*YOUR OBJECTIVE*
Pictures are to be left out, and only the lines below starting at the one with "Produktbild von Missoni" and ending at the one with "Τραπέζι από σκληρυμένο" are to be reproduced, each exactly, both ends included.

*MATERIAL FOR THIS EXERCISE*
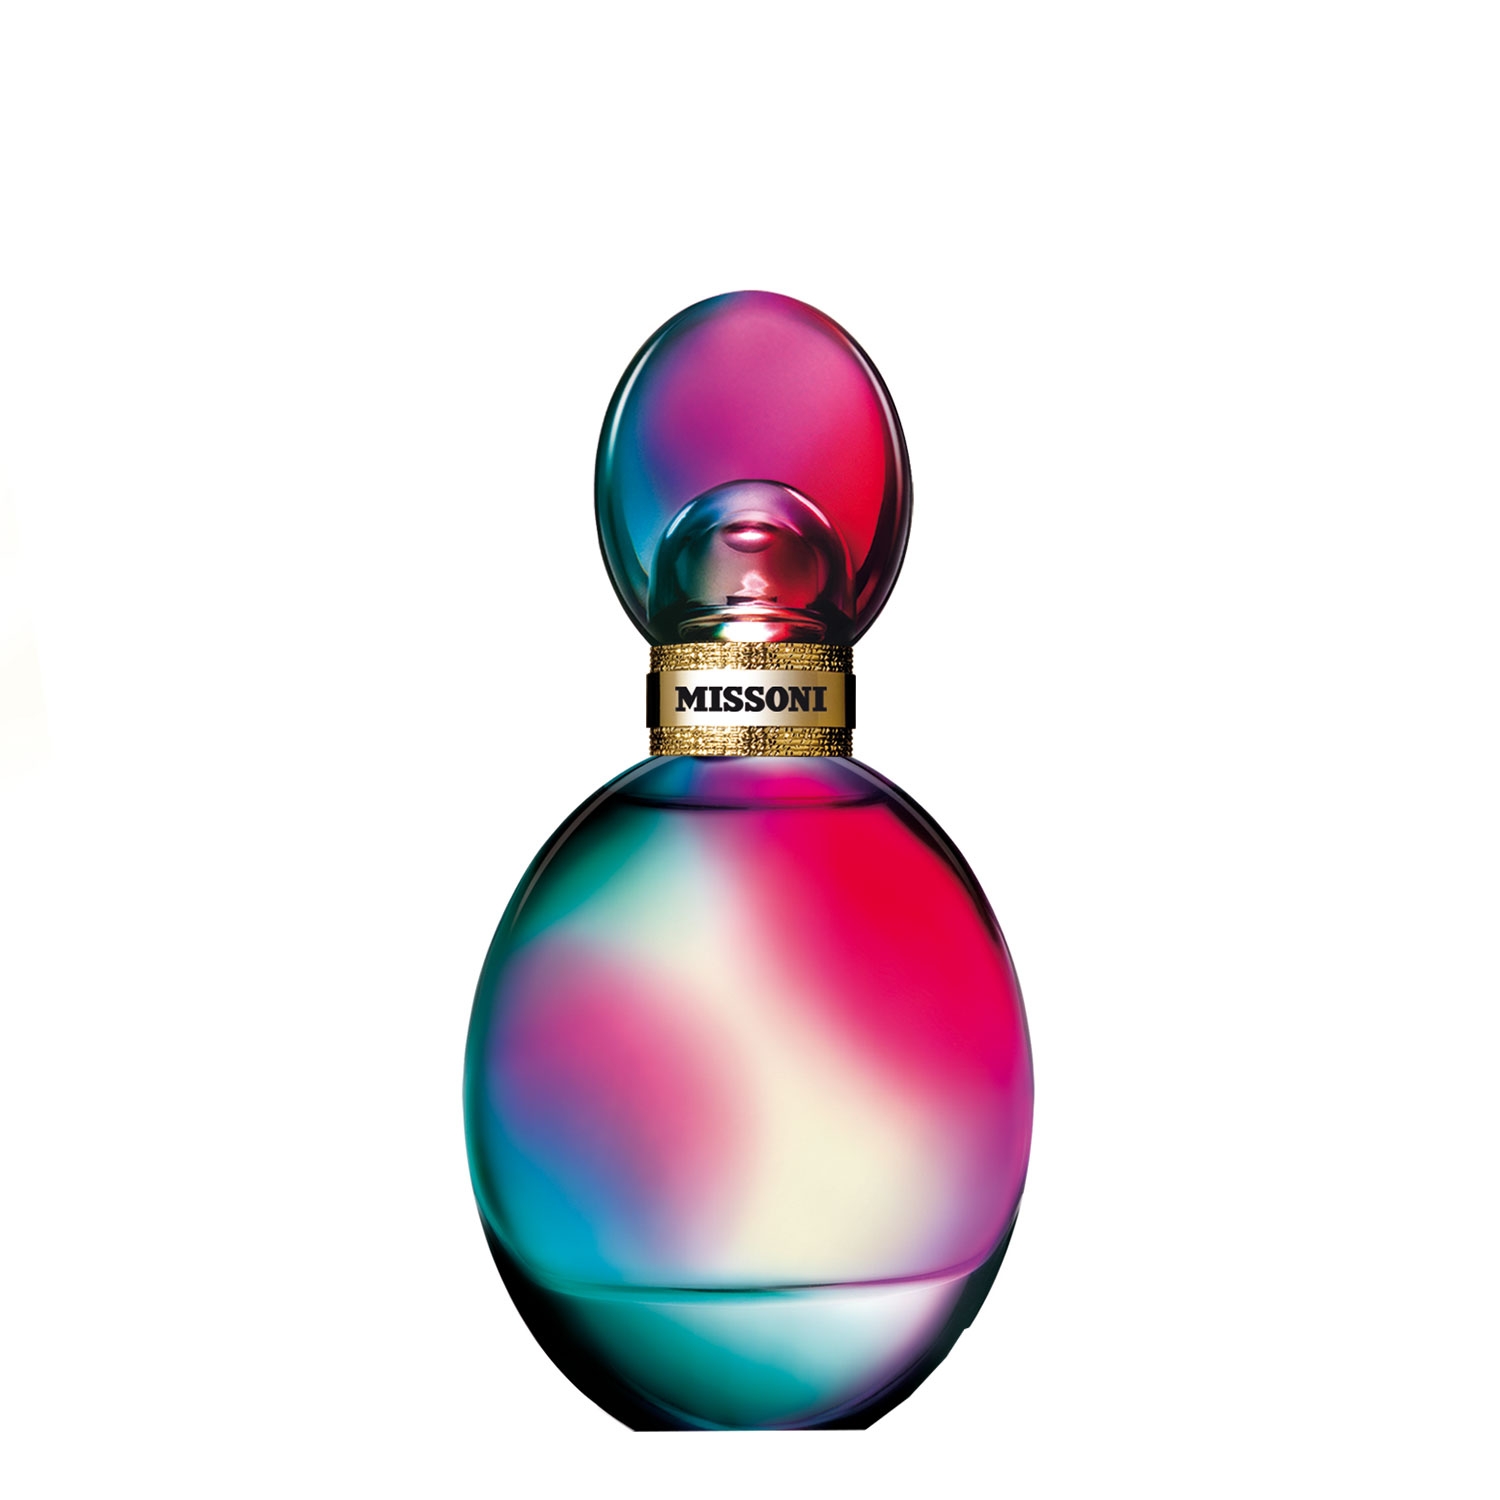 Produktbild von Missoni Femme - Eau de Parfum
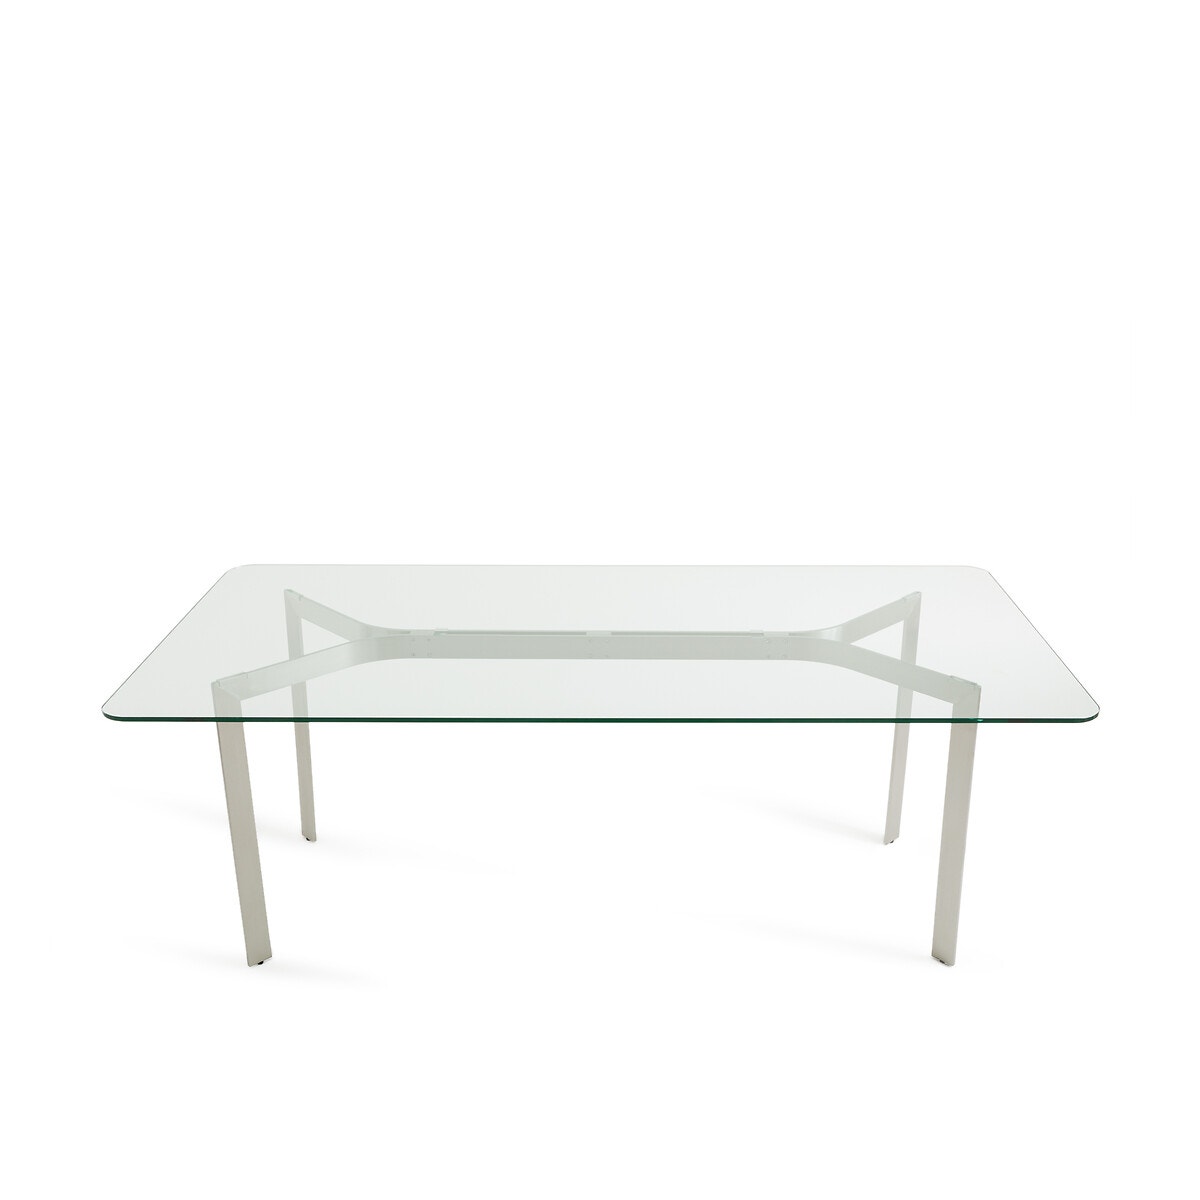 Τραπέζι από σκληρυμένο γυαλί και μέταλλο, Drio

---

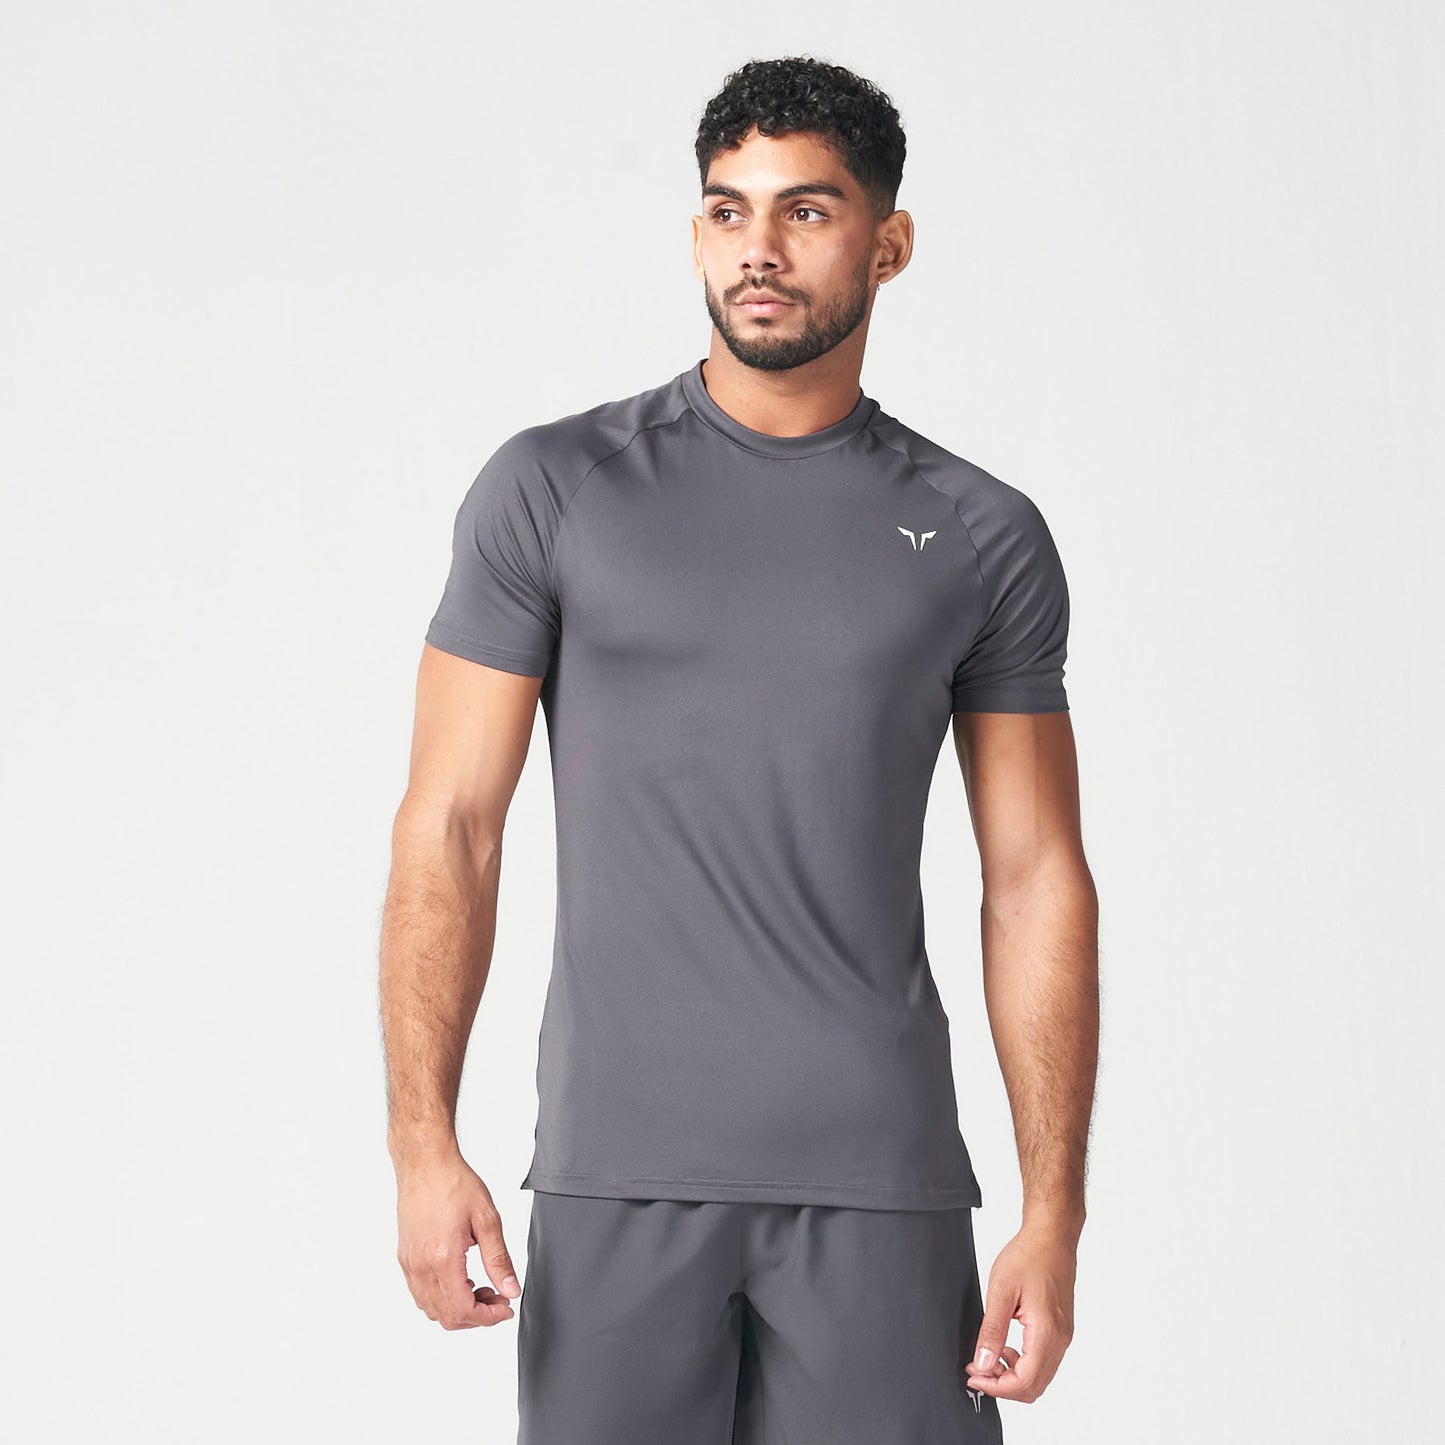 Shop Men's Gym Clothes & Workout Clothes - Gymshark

==

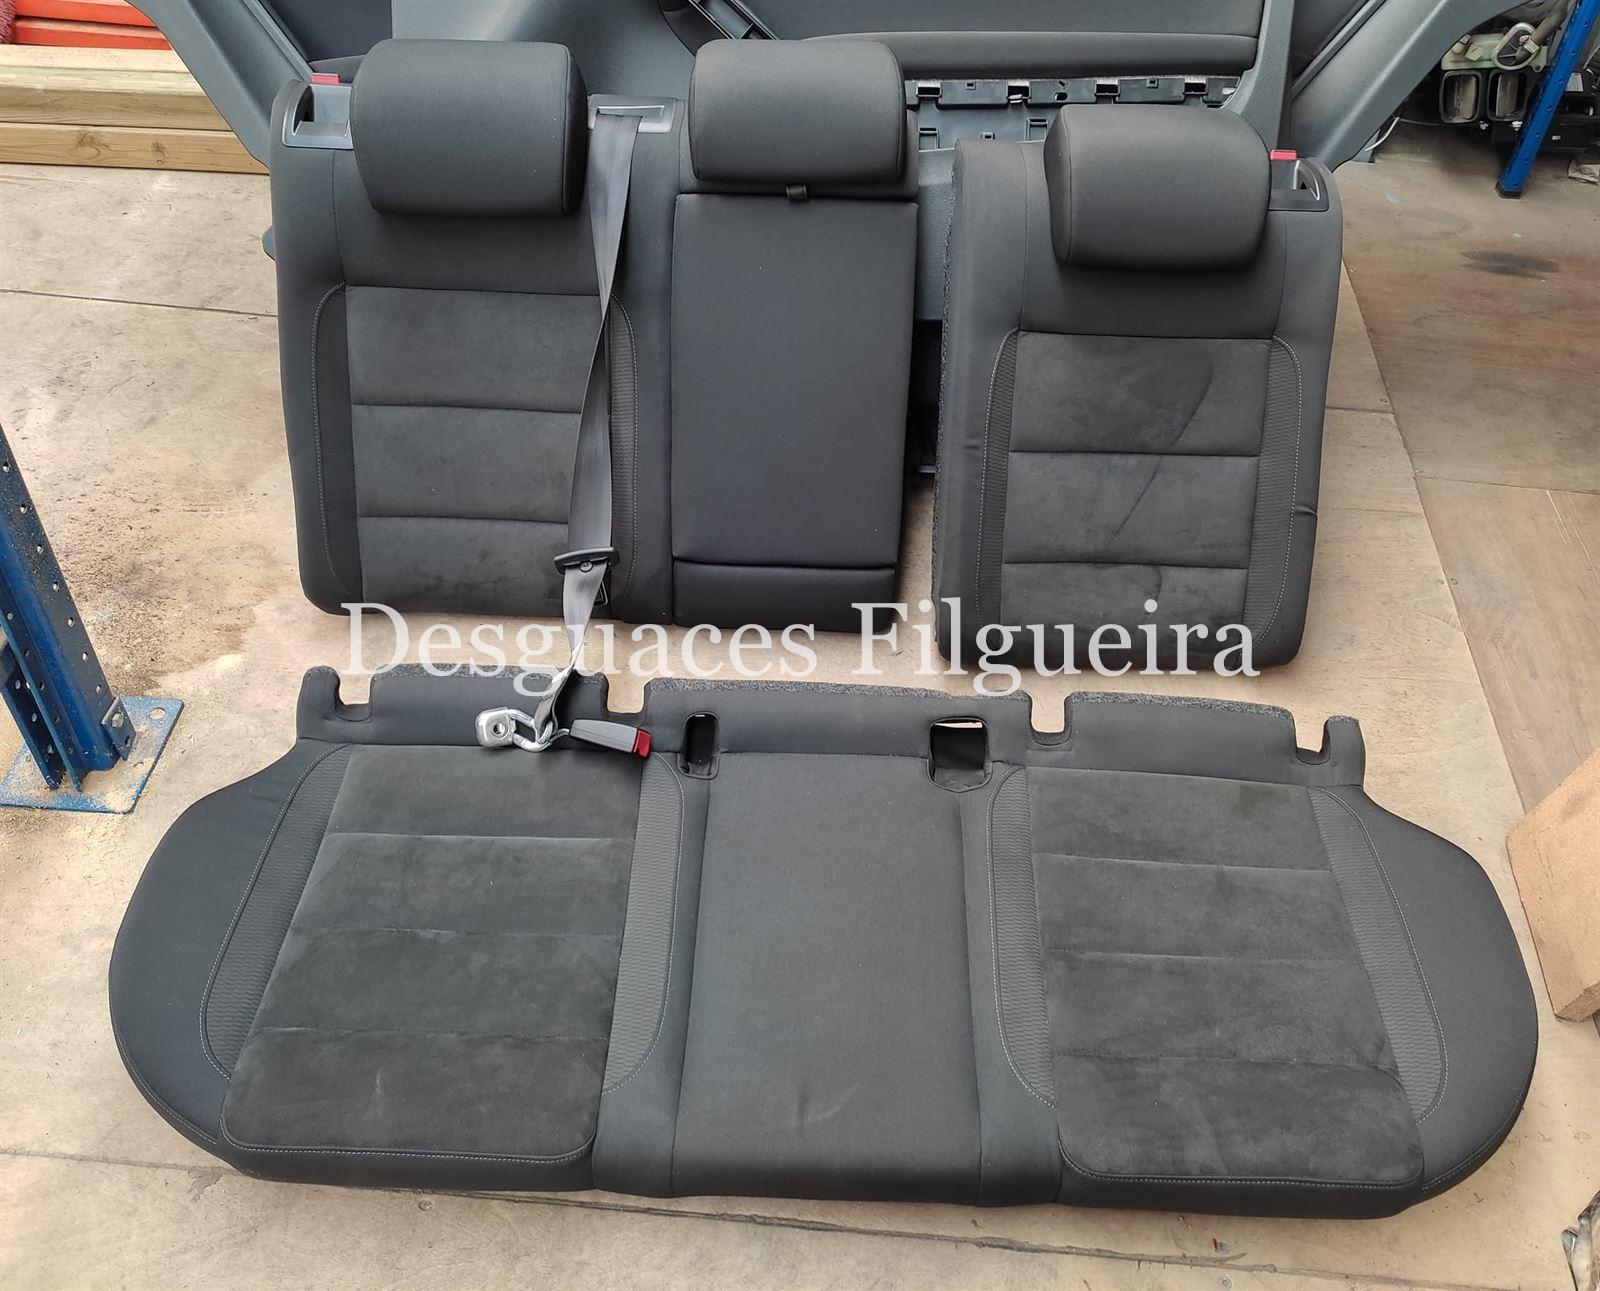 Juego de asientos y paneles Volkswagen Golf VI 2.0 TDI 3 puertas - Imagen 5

*RESPONSE TO THE EXERCISE*
 Produktbild von Missoni Femme - Eau de Parfum
 Τραπέζι από σκληρυμένο γυαλί και μέταλλο, Drio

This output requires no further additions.